DATA BLOCK =>
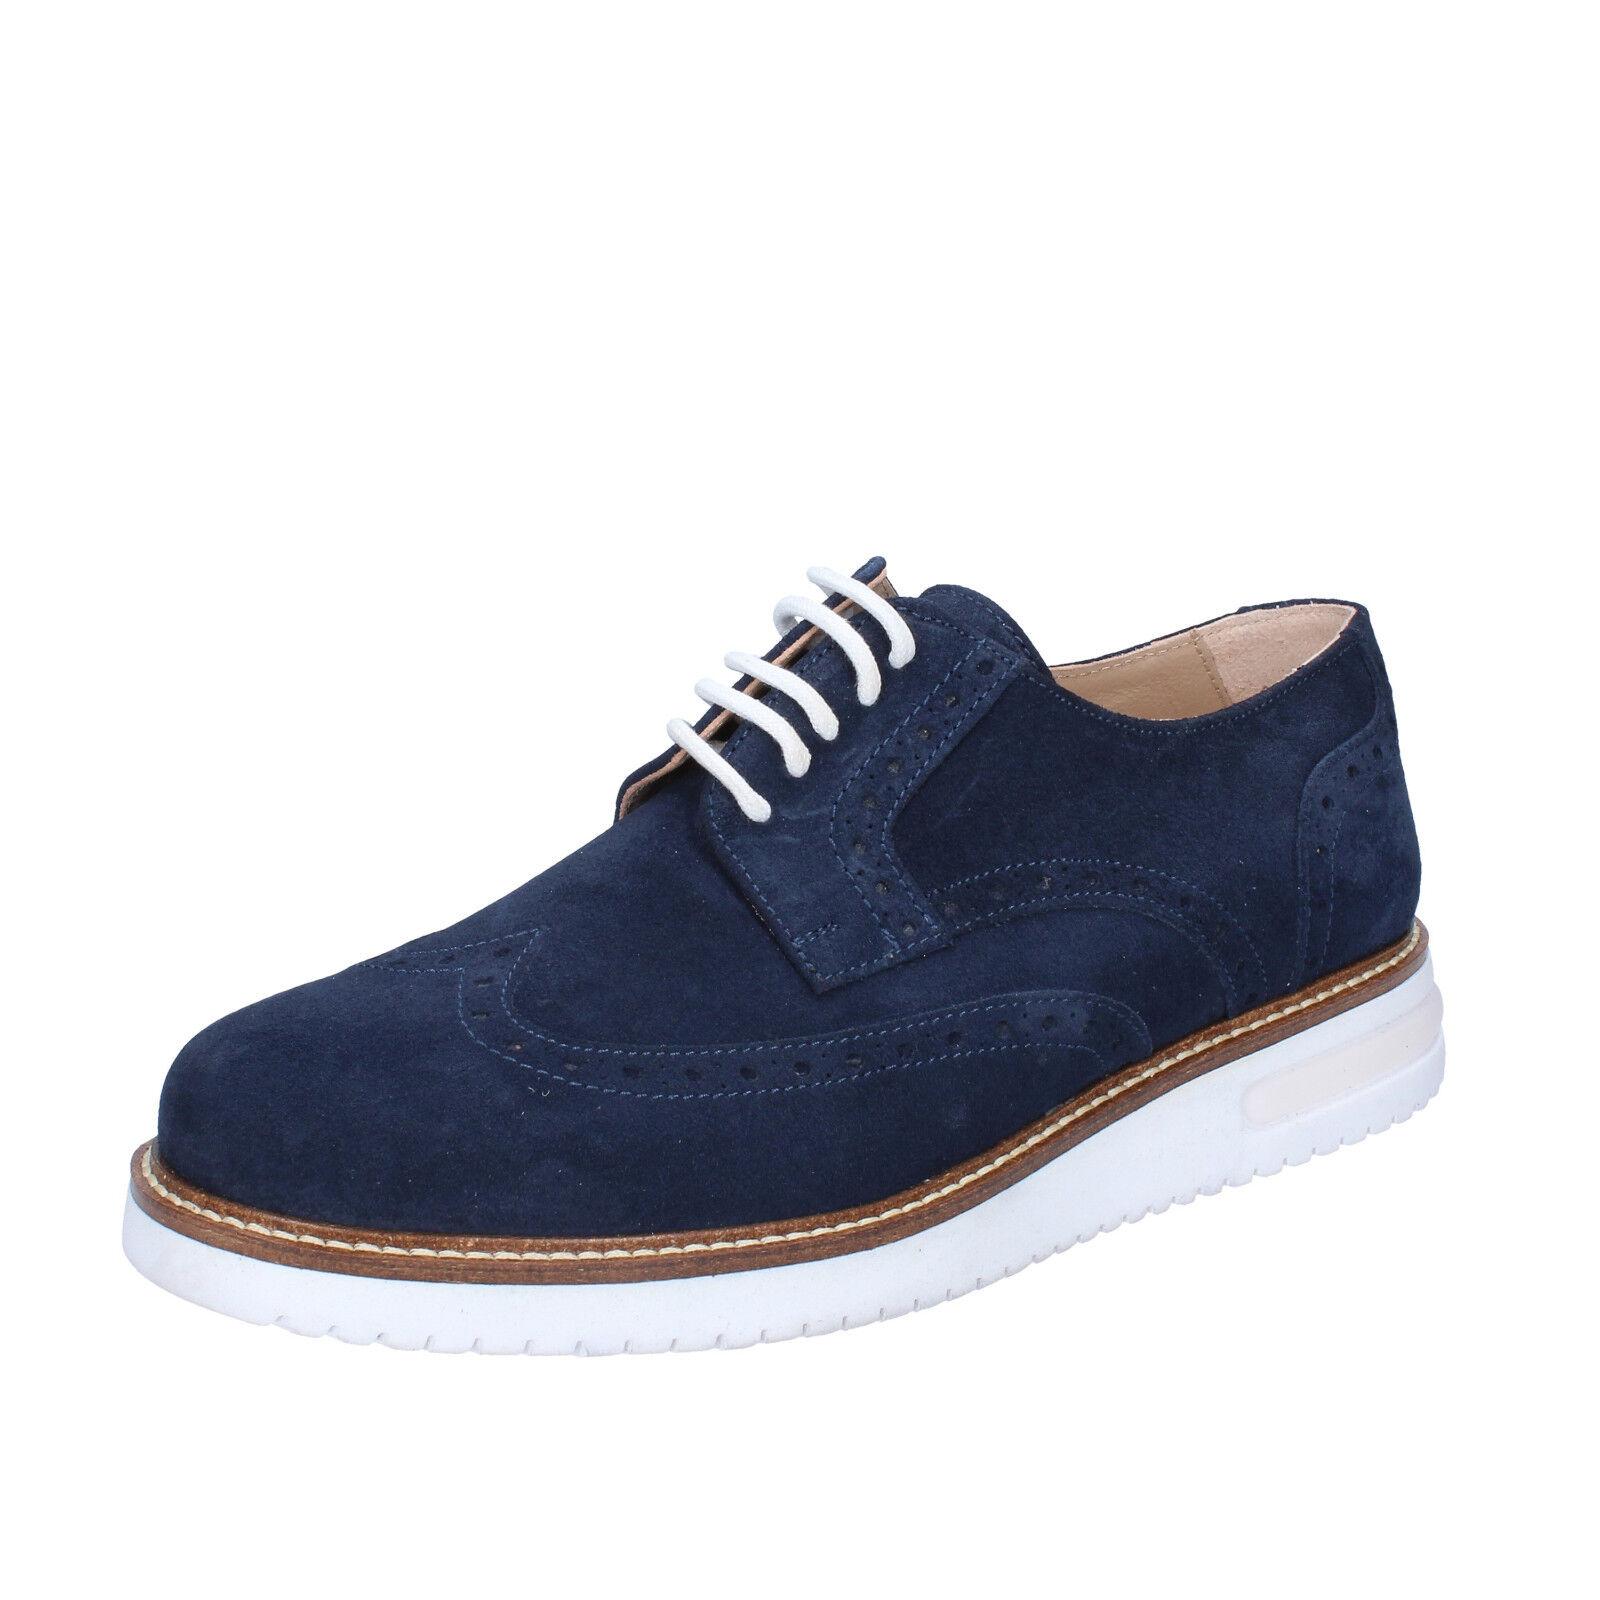 mens shoes elegant FDF SHOES 7 (EU 41) elegant shoes blue suede BZ394-D 74eca5
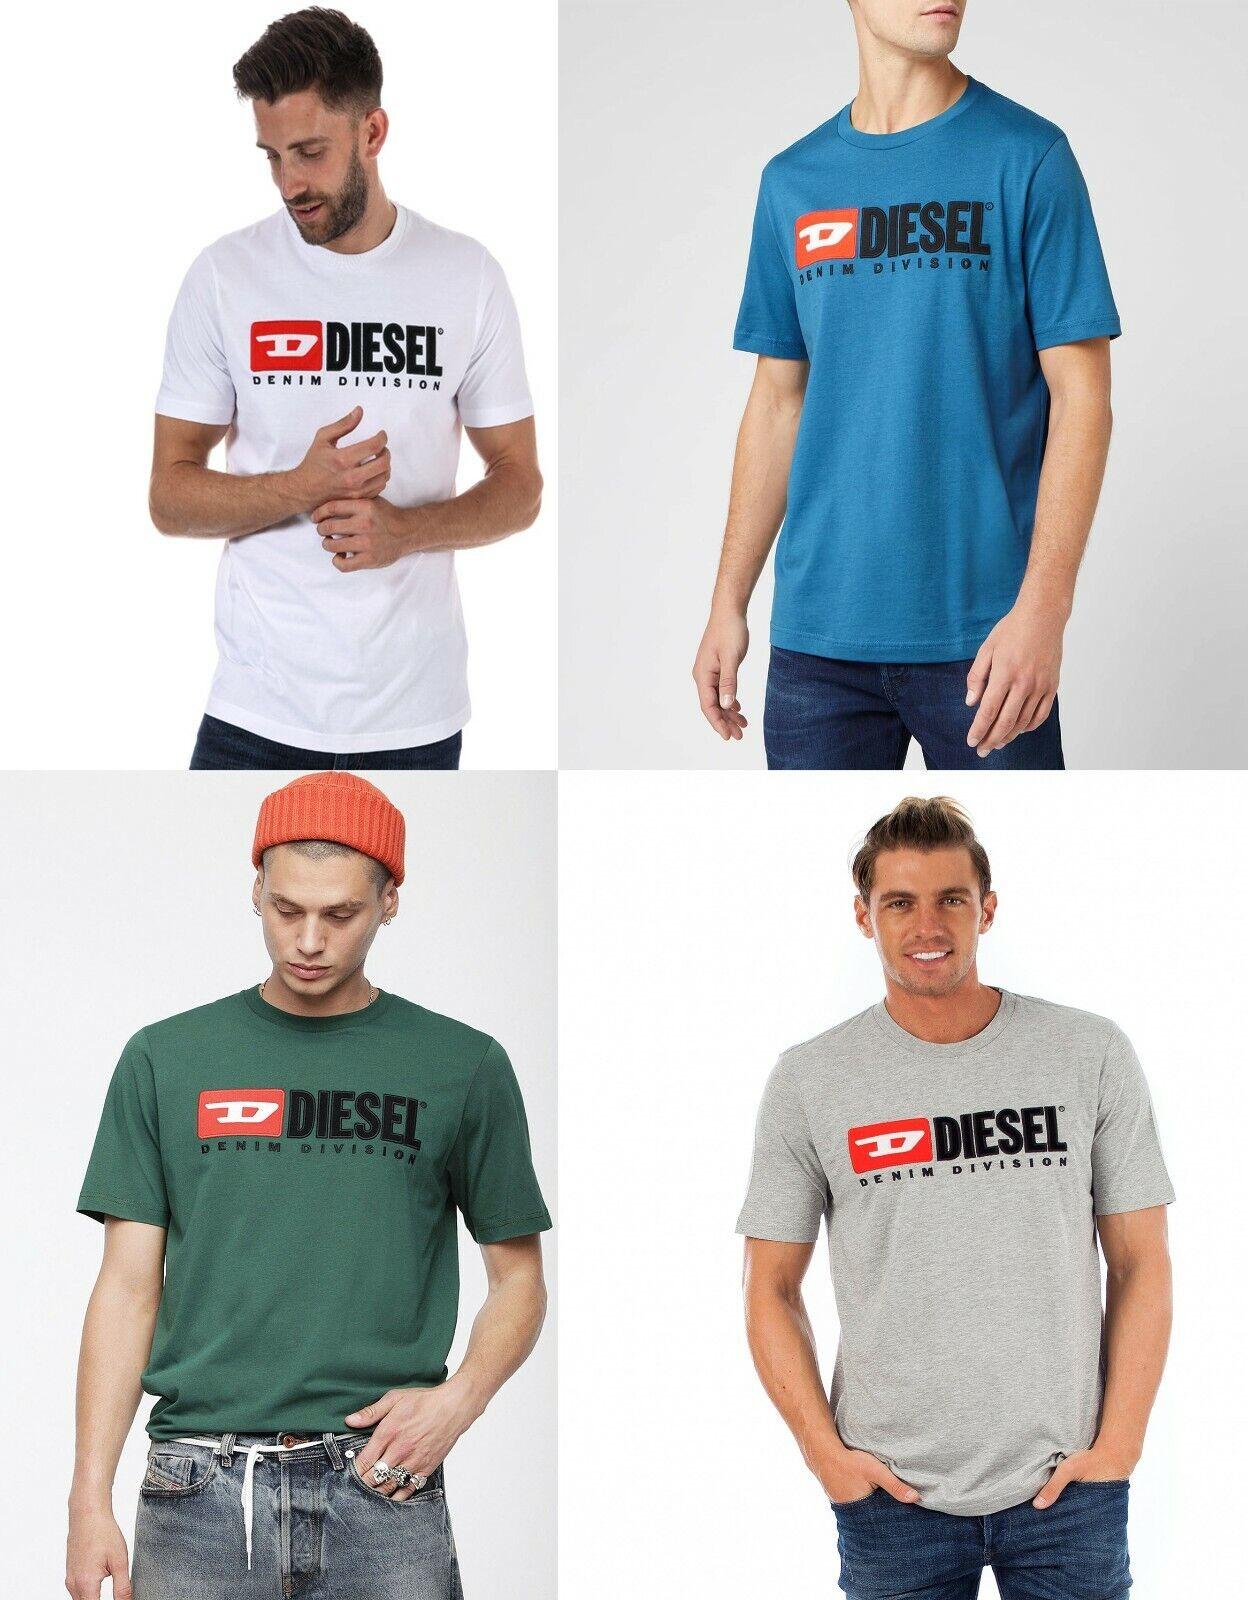 Diesel T Just Division Men Crew Neck Short Sleeves Cotton T shirt Tee S M L XL
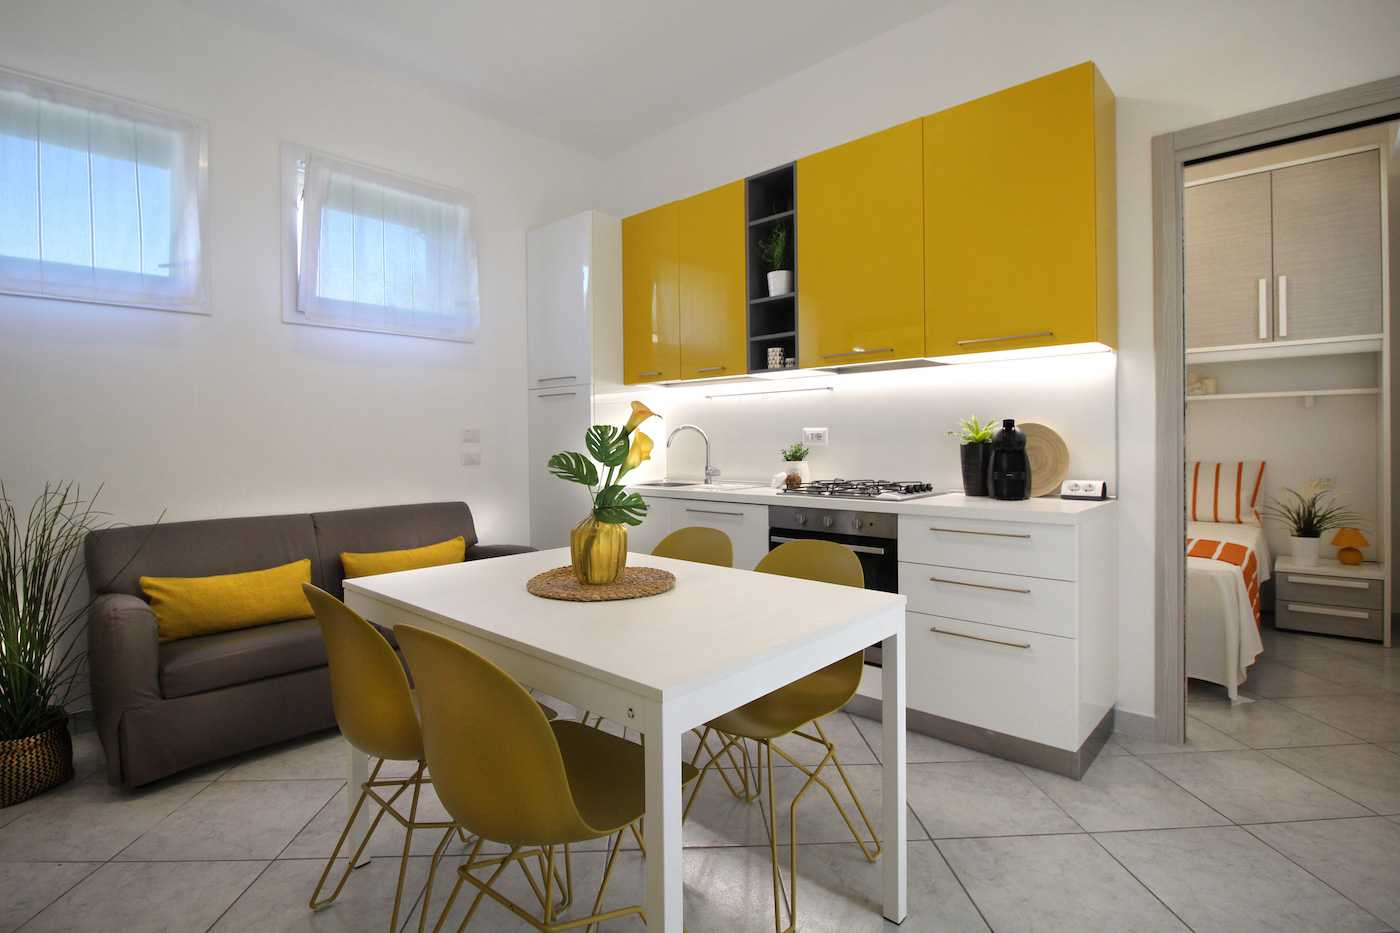 Appartamento Lorenzo_IMG_1658_2_Anteprima
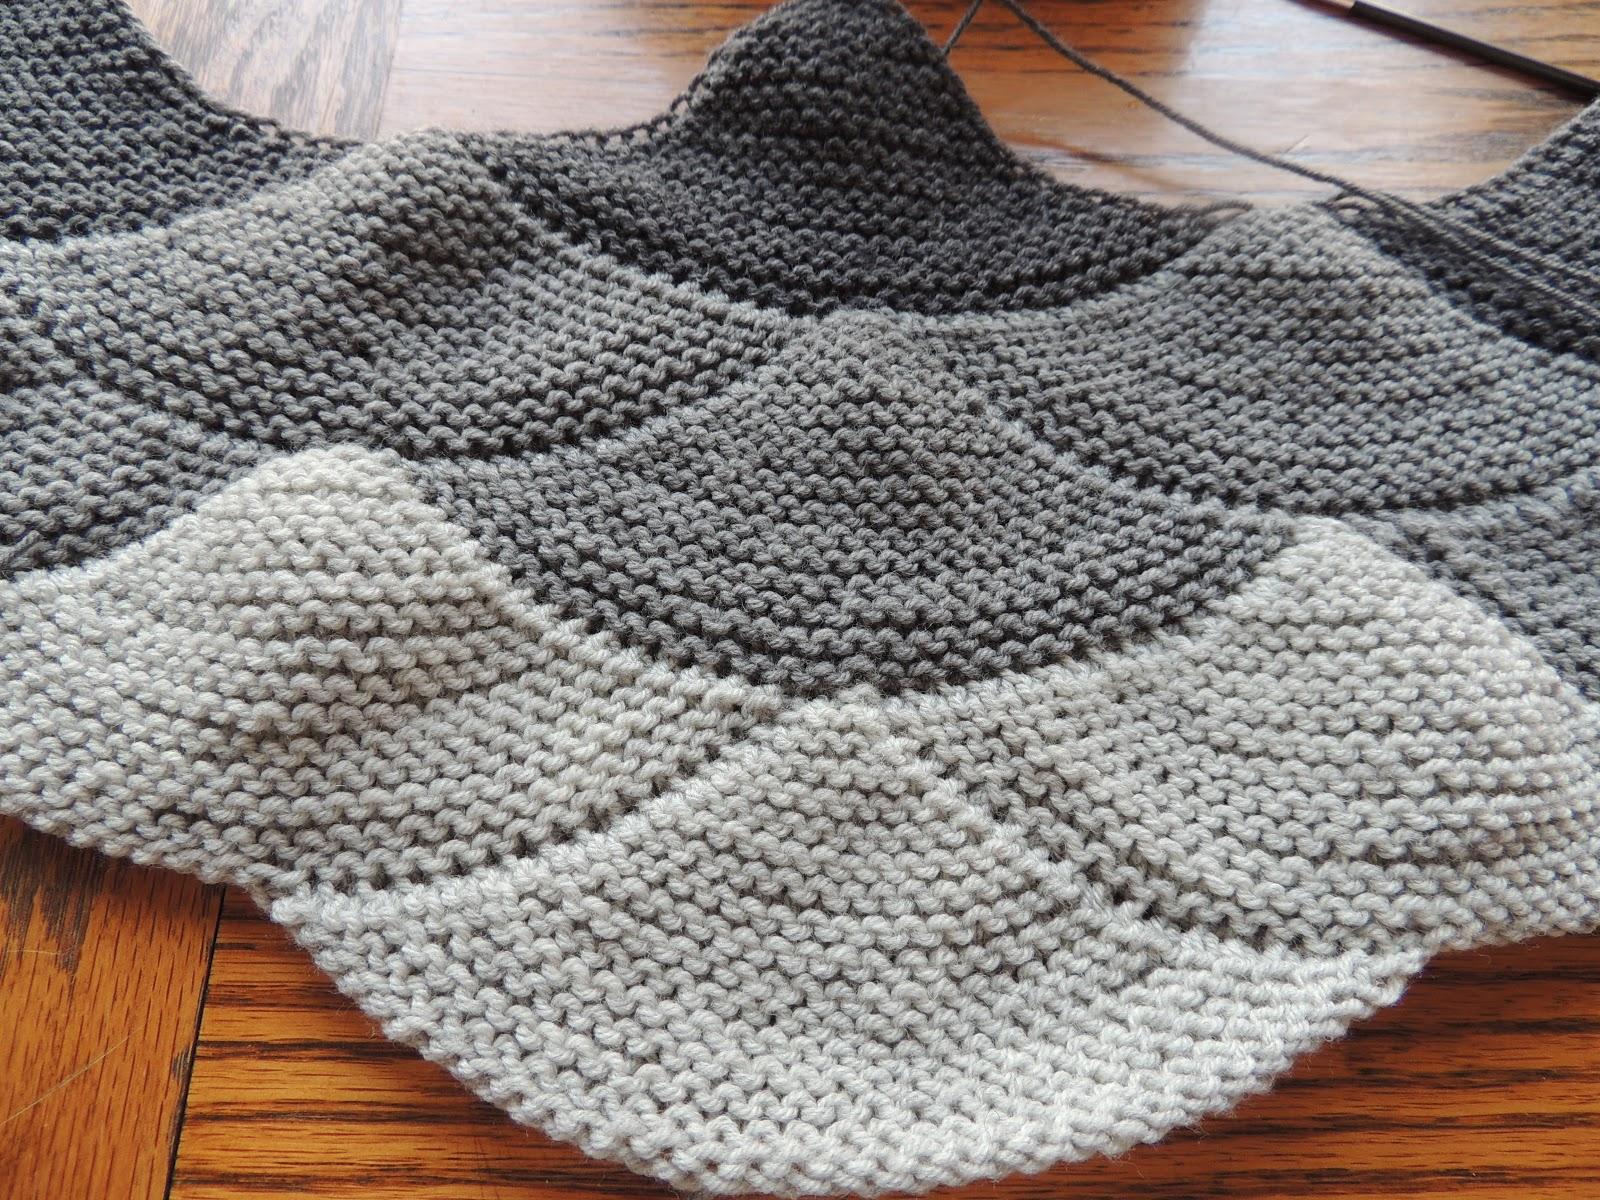 Knitting Inspiration Ig : Dudesthatknit

ACTIVITY => Would you give again exactly the lines from the line containing "Appartamento Lorenzo_IMG_1658_2_Anteprima" through the end of the listing, both ends included, without any pictures?

EXERCISE RESPONSE =>
 Appartamento Lorenzo_IMG_1658_2_Anteprima
 Knitting Inspiration Ig : Dudesthatknit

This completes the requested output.